By contrast, consider the same graph for Renesas (click to enlarge):

Renesas uPD720202: BULK OUT pauses in data flow, specific endpoint

These extremely long gaps of up to 2000 μs are the result of long bursts for each endpoint. This can be seen by looking at a zoom-in of the same graph (click to enlarge):

Renesas uPD720202: BULK OUT pauses in data flow, specific endpoint, zoomed in

Recall that the XillyUSB driver issues transfer requests of 64 kiB each. Evidently, Renesas’ USB host controller doesn’t switch to another BULK OUT endpoint until the transfer is finished, and hence transmits the entire transfer in a single burst. From the graph’s raw data, the time each such 64 kiB burst took was ~ 172 μs (as opposed to the theoretical minimum of 128 μs). Hence a round-robin sequence between the six BULK OUT endpoints would yield a gap of 5 x 172 μs =  860 μs, which is the gap level appearing most of the time in the two graphs above. The higher peaks indicate that the USB controller doesn’t always make round-robin sequences, and therefore causes longer and shorter gaps randomly.

To get convinced that this is indeed just an issue of long bursts for each endpoint, consider the following graph, showing complete pauses, i.e. looking at time differences between the data packets of any BULK OUT endpoint (graph zoomed in at an arbitrary point to the right, click to enlarge).

Renesas uPD720202: BULK OUTpauses in data flow, generalRenesas uPD720202: BULK OUT pauses in data flow, general, zoomed in

The gaps here are smaller than 30 μs, indicating that the controller actually keeps running. It’s only when looking at a specific endpoint that the gaps get large.

However there was another, unrelated reason for pauses, also of about 2000 μs. But during these pauses, the link towards the FPGA was completely idle. This is the graph of pauses for all BULK OUT traffic for ASM1142 (click to enlarge):

ASM1142: BULK OUT pauses in dataflow, general

The position of this gap was at the point where a new stream started pushing data. In the graphs, this is apparent by the spike being at the position of the step caused by the new endpoint joining in. These are the graphs for the same test, plotted for the BULK OUT endpoint that was kicked off first (click to enlarge):

ASM1142: BULK OUT pauses in data flow, specific endpointASM1142: BULK OUT pauses in data flow, specific endpoint, zoomed in

The second spike appears later on the non-specific ("general") graph, compared with the specific endpoint, because the X axis of the non-specific graph includes transmitted data from two endpoints in the segment between the two spikes.

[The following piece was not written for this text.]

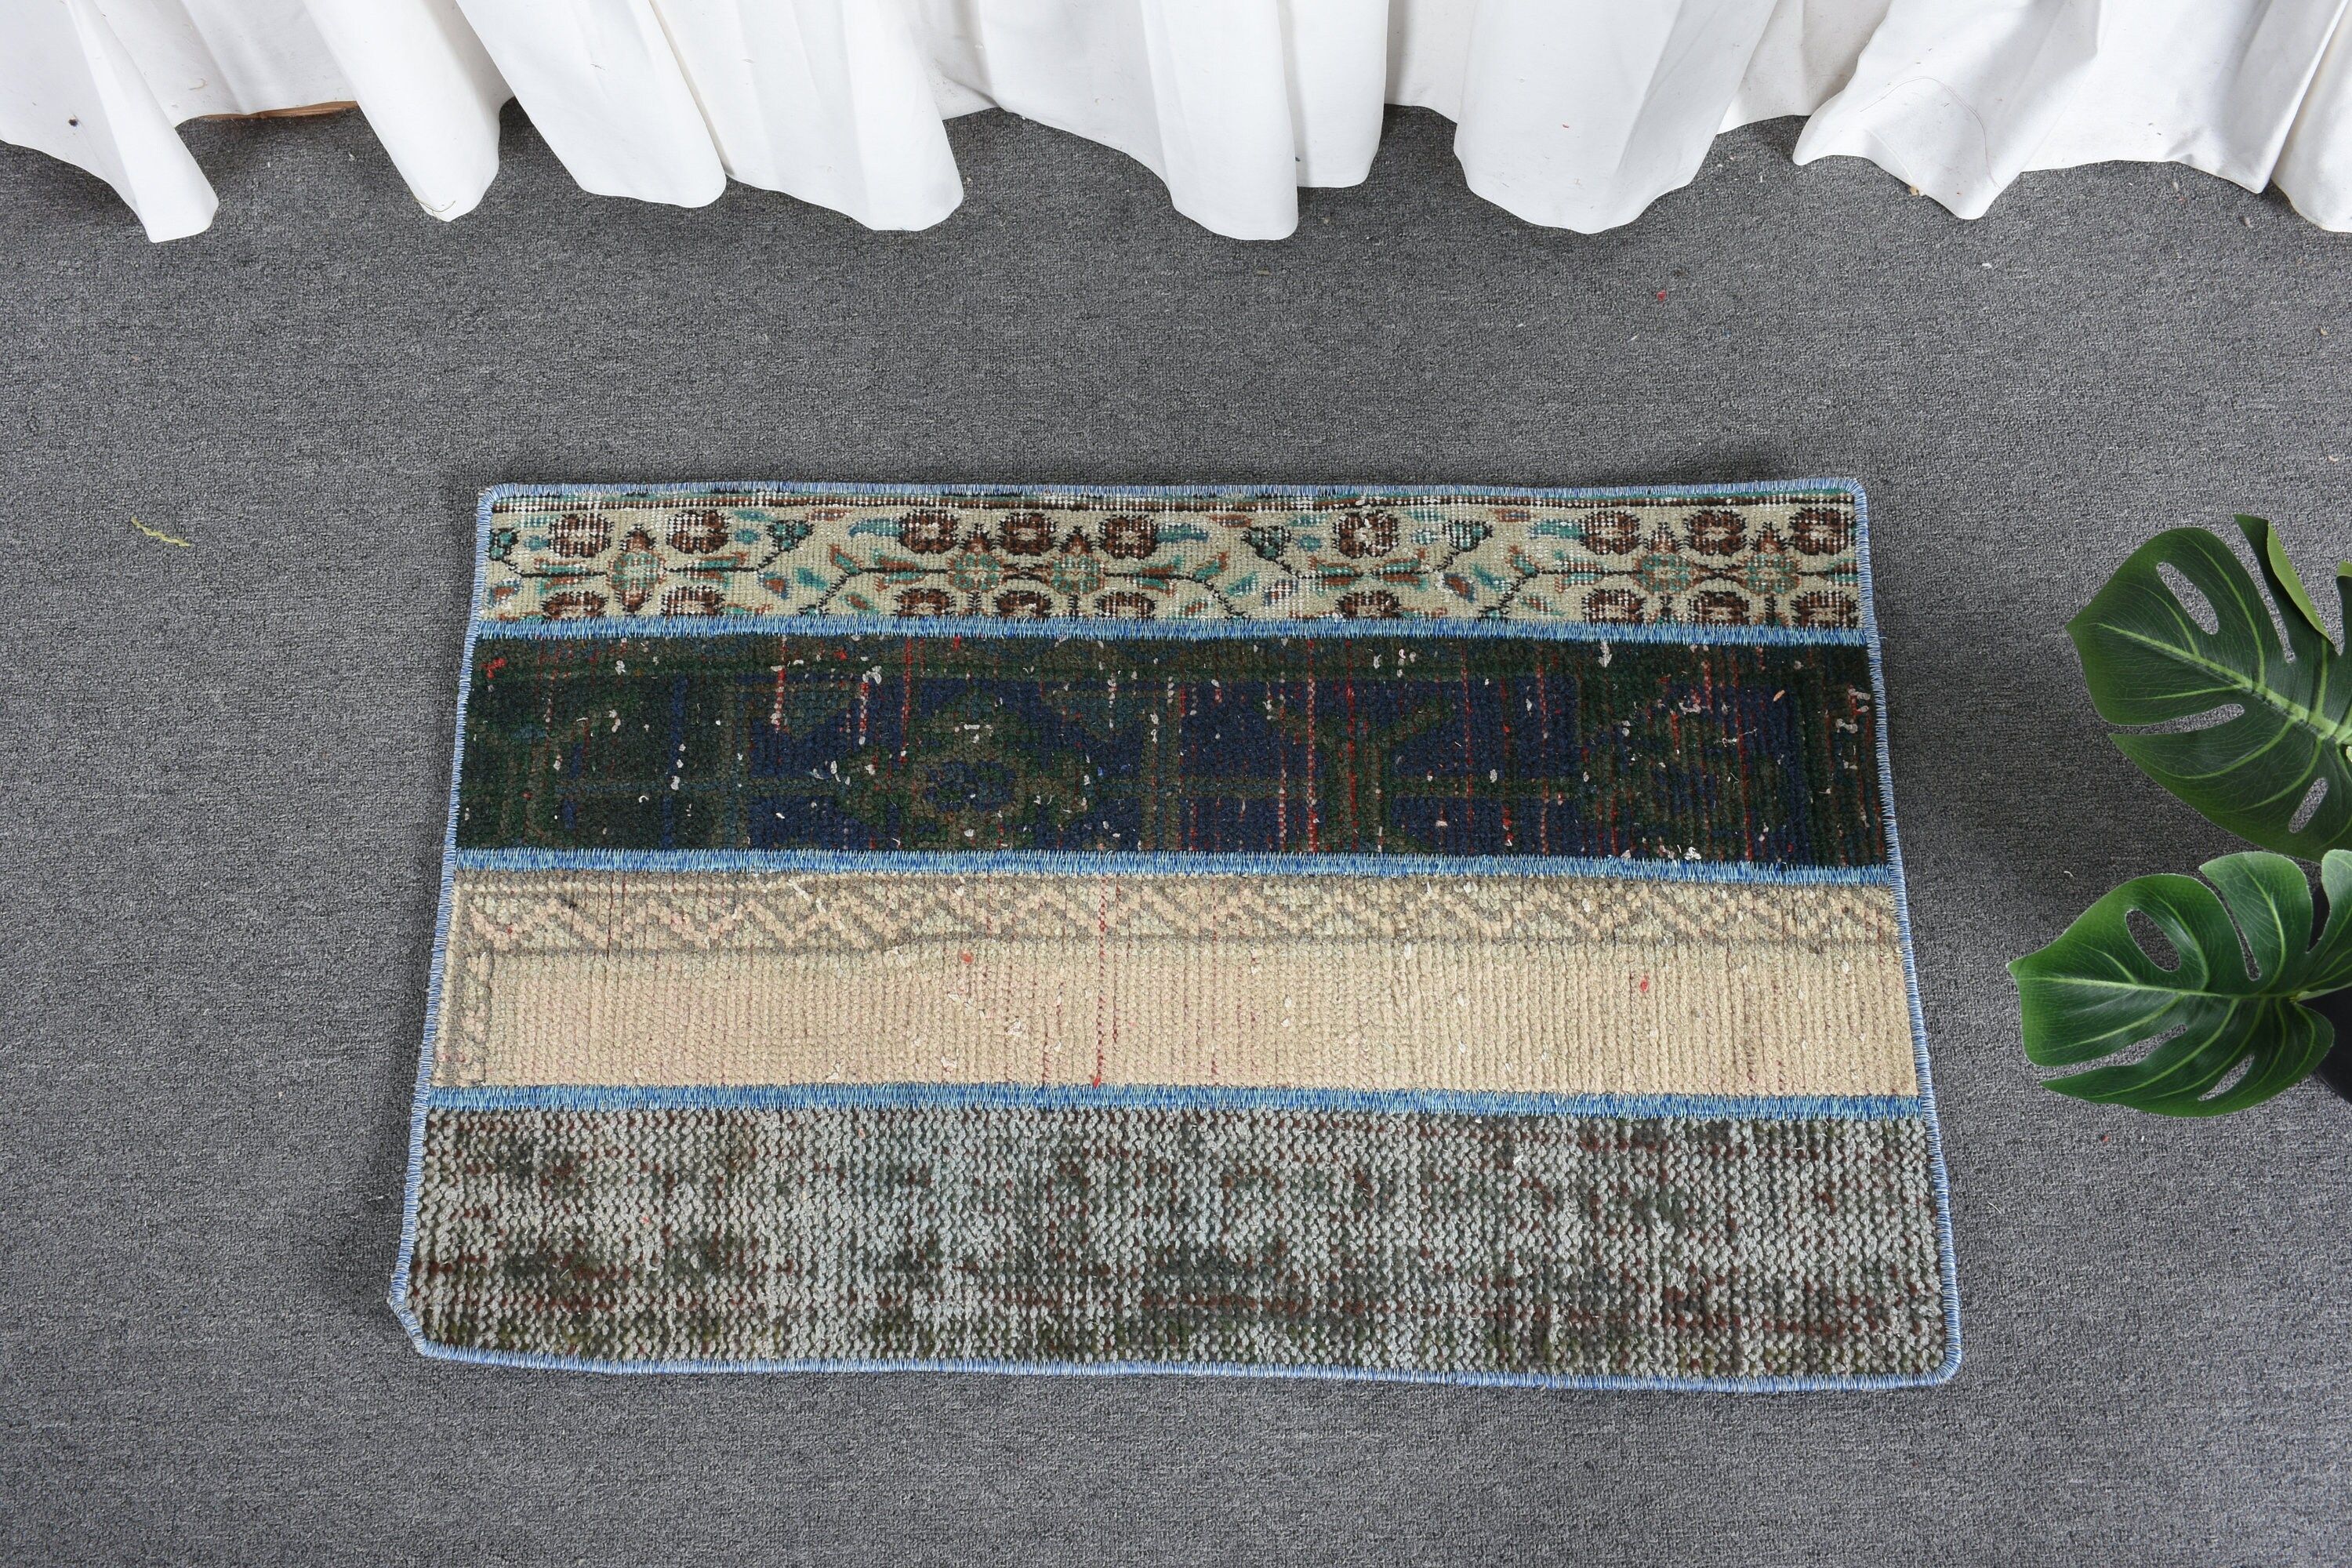 Moroccan Rug, Vintage Rug, 1.8x2.9 ft Small Rugs, Bedroom Rugs, Blue Antique Rugs, Turkish Rug, Kitchen Rugs, Rugs for Bath, Entry Rugs

A similar gap also occurred with the Intel controller (click to enlarge):

Intel B150: BULK OUT pauses in data flow, specific endpointIntel B150: BULK OUT pauses in data flow, general

These large gaps didn’t appear consistently in the same positions, and sometimes not at all, so they are not necessarily related directly to this USB controller or another, even though they seemed to appear more often on some controllers and not at all on others.

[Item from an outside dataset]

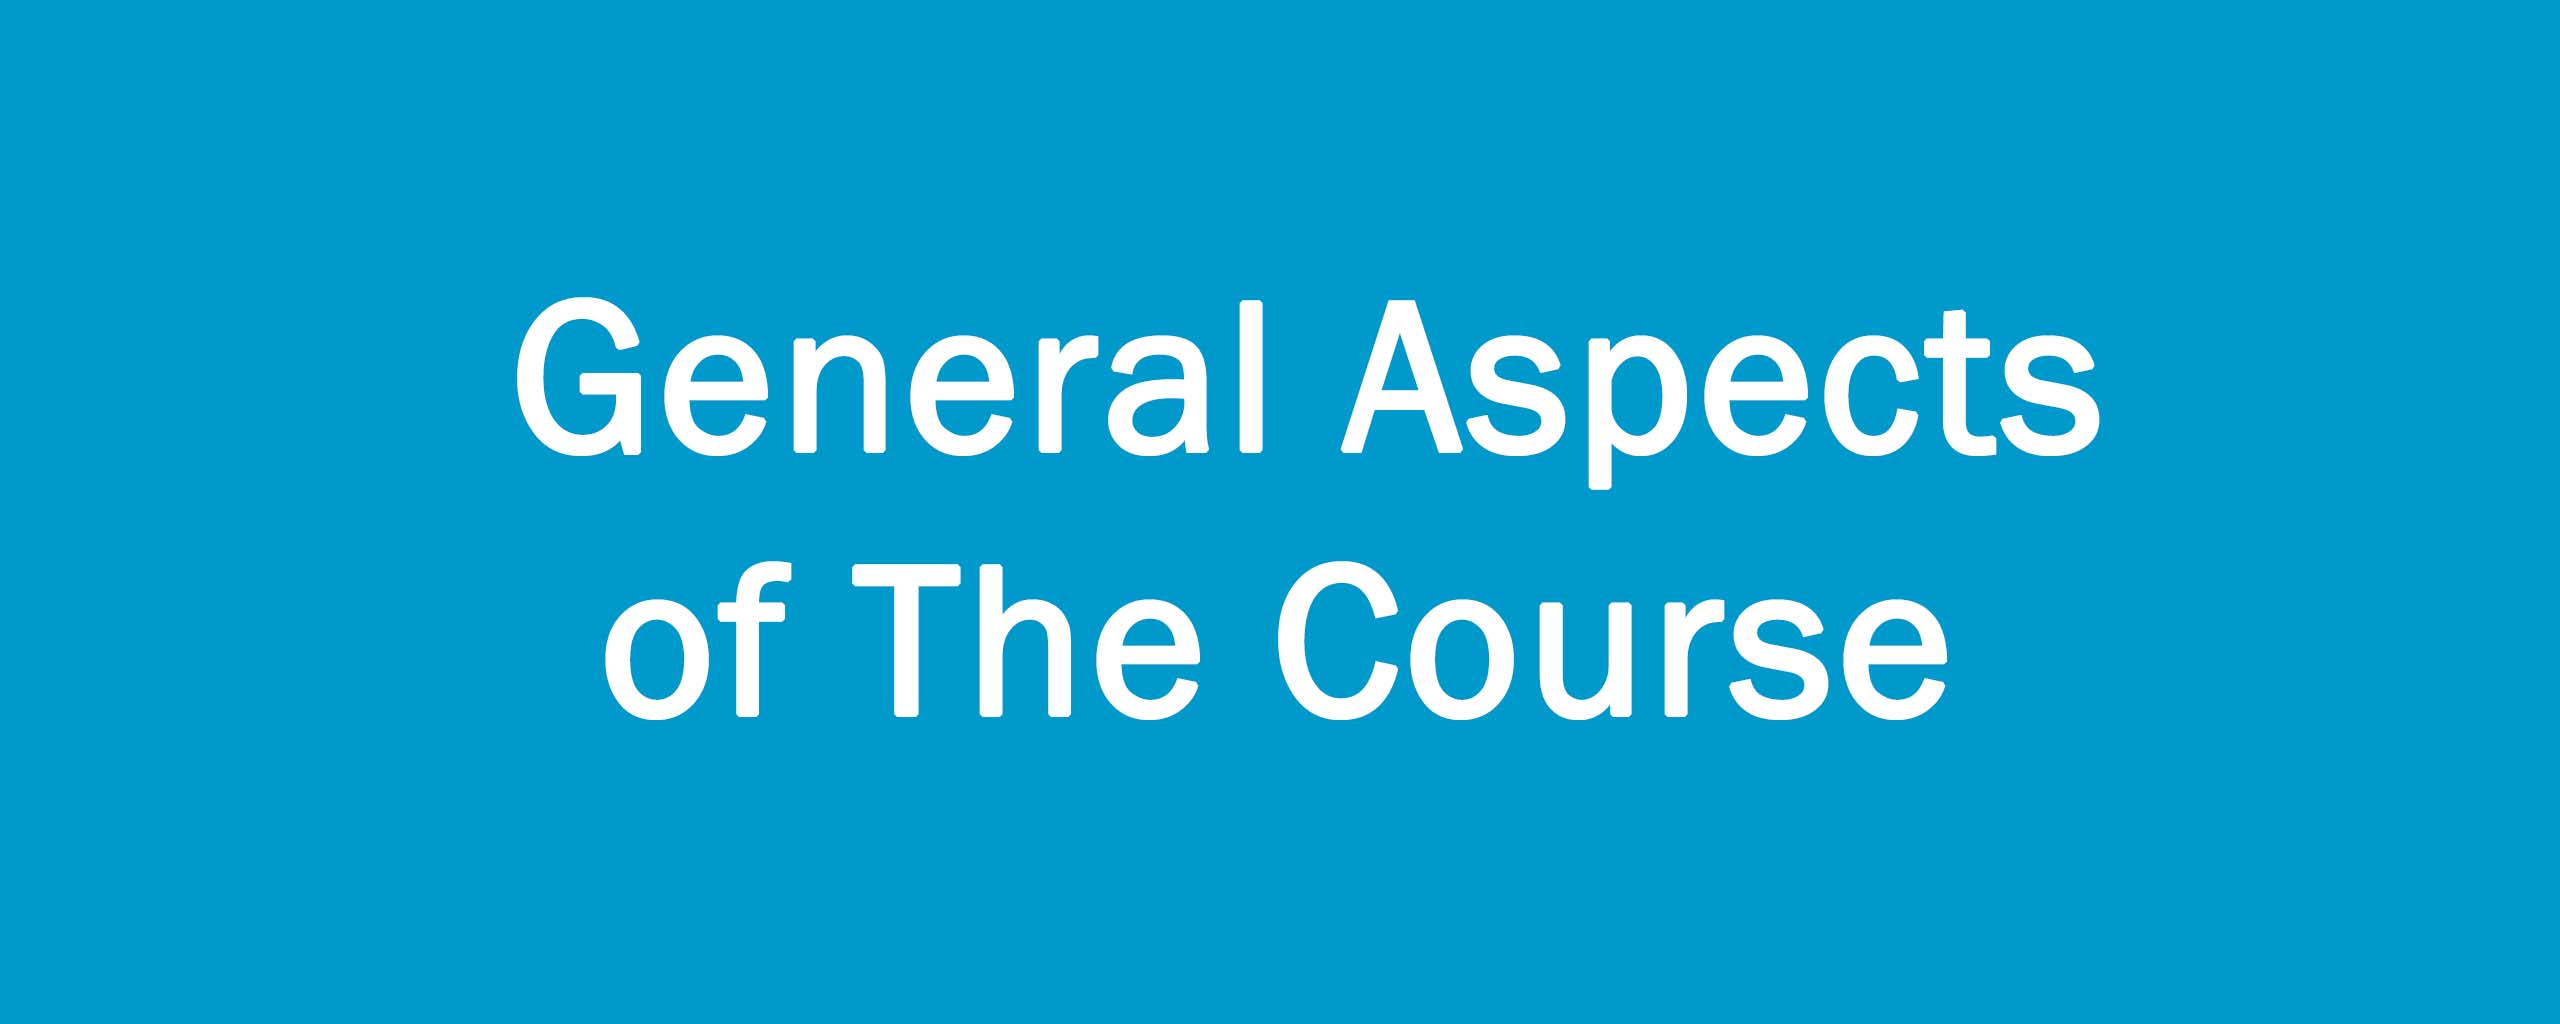 General Aspects of The Course

It’s not clear why these large gaps occurred exactly as a new BULK OUT endpoint began transmitting data. It could be related to the xHCI driver, or even possibly to the intense memory allocation that goes along with starting a new XillyUSB stream. The exact reason is not necessarily important to find, since the point is that pauses come out of nowhere.

Conclusion

USB BULK endpoints were designed to carry data that isn't sensitive to time delays, and consequently the USB protocol doesn't say anything about latency or bandwidth utilization regarding these. And indeed, SuperSpeed USB controllers take this liberty to different directions. Even though their designs seem to have attempted to perform in a favorable way, it appears like different goals have been set for each such design. And at times, controllers with obvious practical flaws are found in the market, as they remain within the protocol's requirements.

As this page merely covers a handful of USB controllers, there are clearly other phenomena that aren't covered here in existing and future USB controllers. Any device and its host software must tolerate bandwidth outages significantly larger than those shown here in order to ensure proper functionality with any computer hardware it may encounter.